Love Nature celebrates International Orangutan Day today with its original three-parter Becoming Orangutan, on the brand’s global platforms now – it is a must-see. We travel to the Borneo Orangutan Survival Foundation along the Rangan River where rescuers gather abandoned and displaced newborns and teach them the ways of being orang before returning them to the wild. It’s an exacting process that in one male’s case took 13 years. Jungle School has three blocs of learners – nursery, junior and senior squads – and daily personalized lessons. They are schooled in building tree tops nests, using tools, foraging for food, cracking open coconuts, learning to avoid Borneo’s many venomous snakes and swinging across forest canopies where they will spend 90% of their lives, among other life-saving skills their mothers would have taught them over eight years. All are regularly monitored for health and the staff knows well how to deal with traumatised anxious babies after horrific starts in life. On “graduation”, the orangs are sent to Pre Release Island to prove they can fend for themselves and are then choppered back into the wild.

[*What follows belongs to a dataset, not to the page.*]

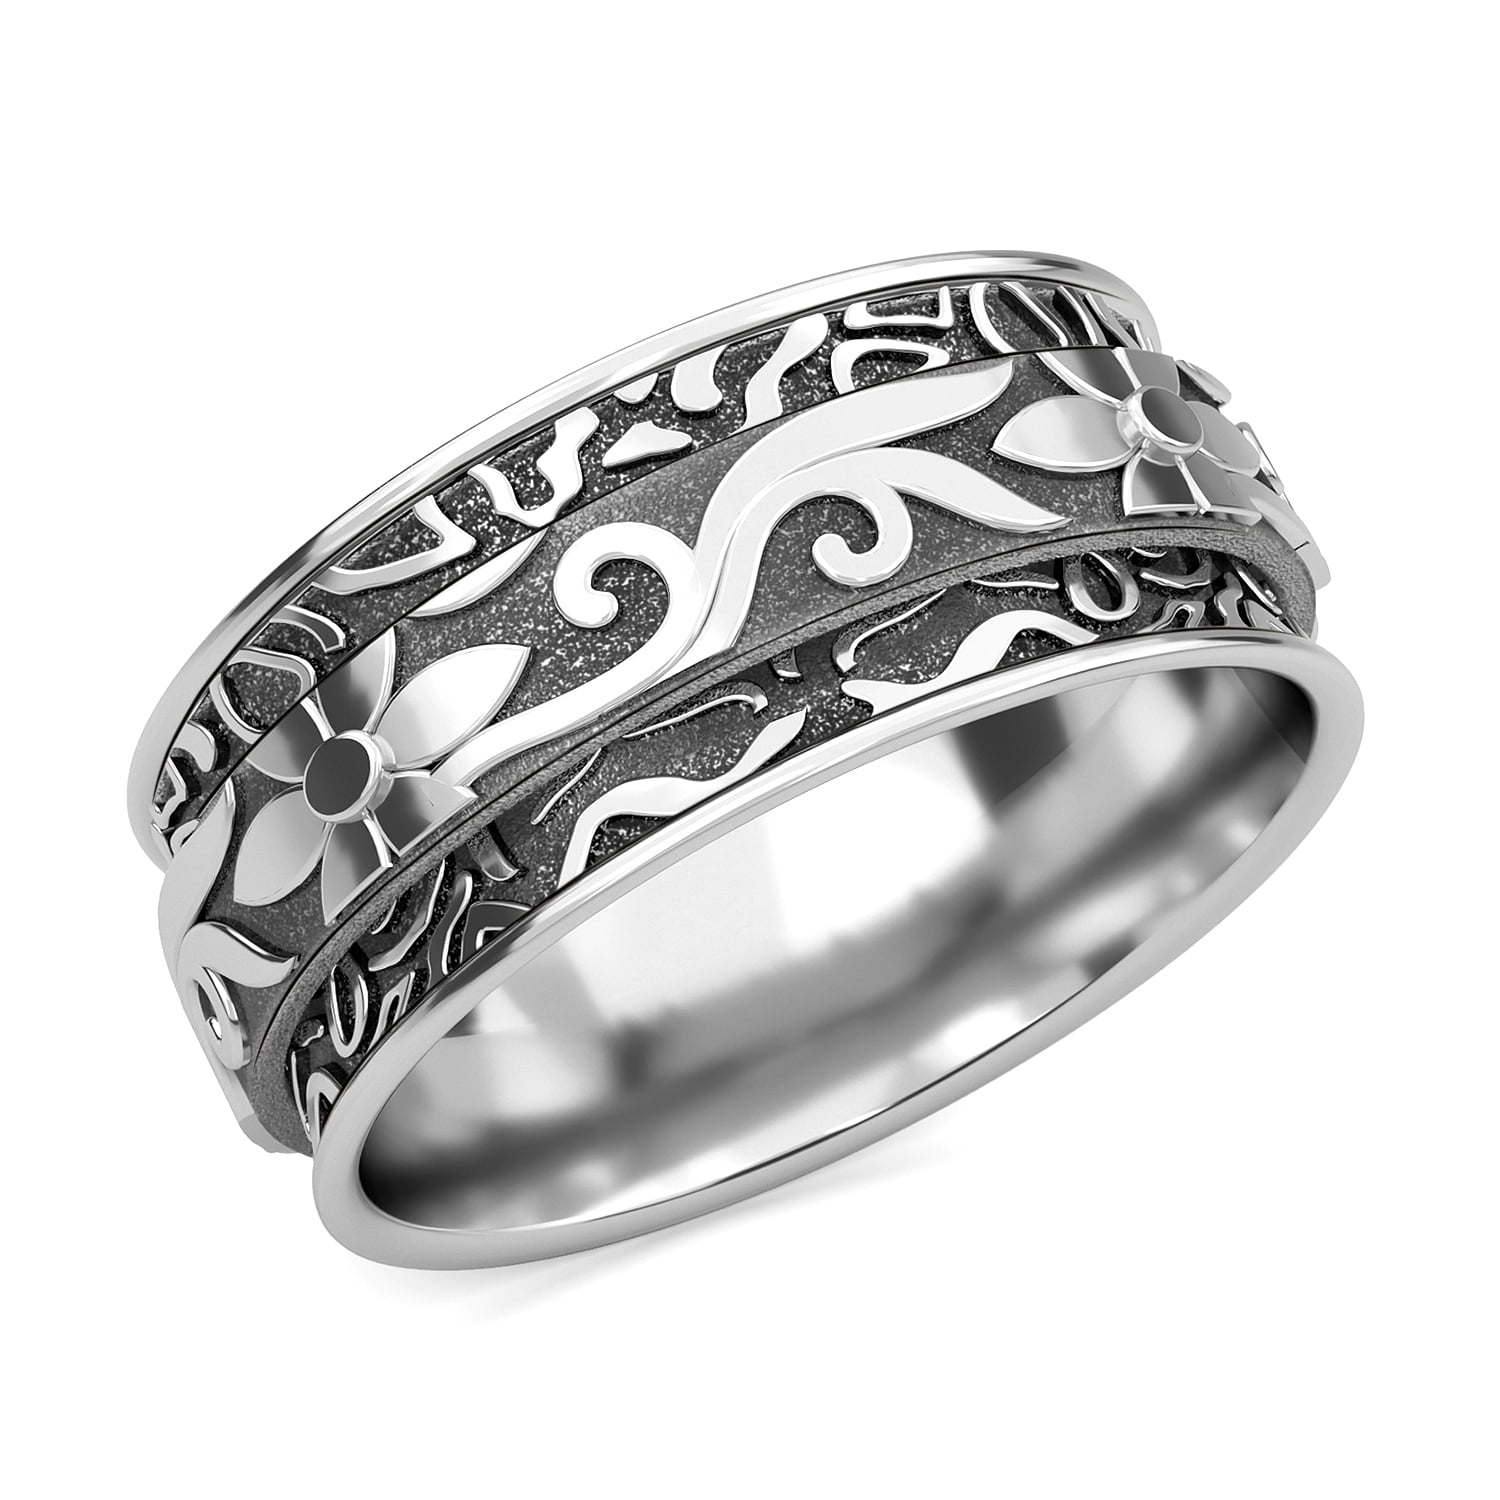 Mens Womens 925 Sterling Silver Vines Scrolls Spinning Worry Band Thumb Ring

This doc is optimistic, charming, and packed with information but let’s face it, the main draw is watching these little critters, so genetically close to us with those big eyes and playful, intelligent spirits up close. I watched with an ear-to-ear smile, knowing they are being protected and witnessing the marvel of them. Love Nature Gives Back has teamed up with the Borneo Orangutan Survival Foundation to raise awareness for orangutan conservation against modern threats. https://www.lovenaturegivesback.com Love Nature is available on Prime Video and Apple TV+
Amazon Freevee‘s new comedy series Sprung concerns jailbirds suddenly released due to the pandemic, who quickly abandon their plans to do good in the free world. Greg Garcia’s nine-parter stars Garret Dillahunt as Jack, Martha Plimpton as Barb, Phillip Garcia, Shakira Barrera, James Earl, and Clare Gillies. They’re released with clothes and $40 to wander aimlessly wondering what the heck to do now. One fella offers a place to stay for a few days in return for $40 so off to his mother’s (Plimpton) where she quickly cooks up a criminal scheme to rob the local black market toilet paper mogul of his paper and money by any means necessary, which leads to constant stacked little criminal deeds to get to the TP and $. Plimpton – an actor who can do it all (Mass) – is an old-fashioned shrew who browbeats them to commit to a criminal life as her own personal gang. Learn to pick a lock, plot a successful heist, steal from a vending machine and you name it. This is as low-brow as it gets. Series guest stars include Kate Walsh, Fred Grandy, Steven Ogg, Susan Ruttan, and David Wells.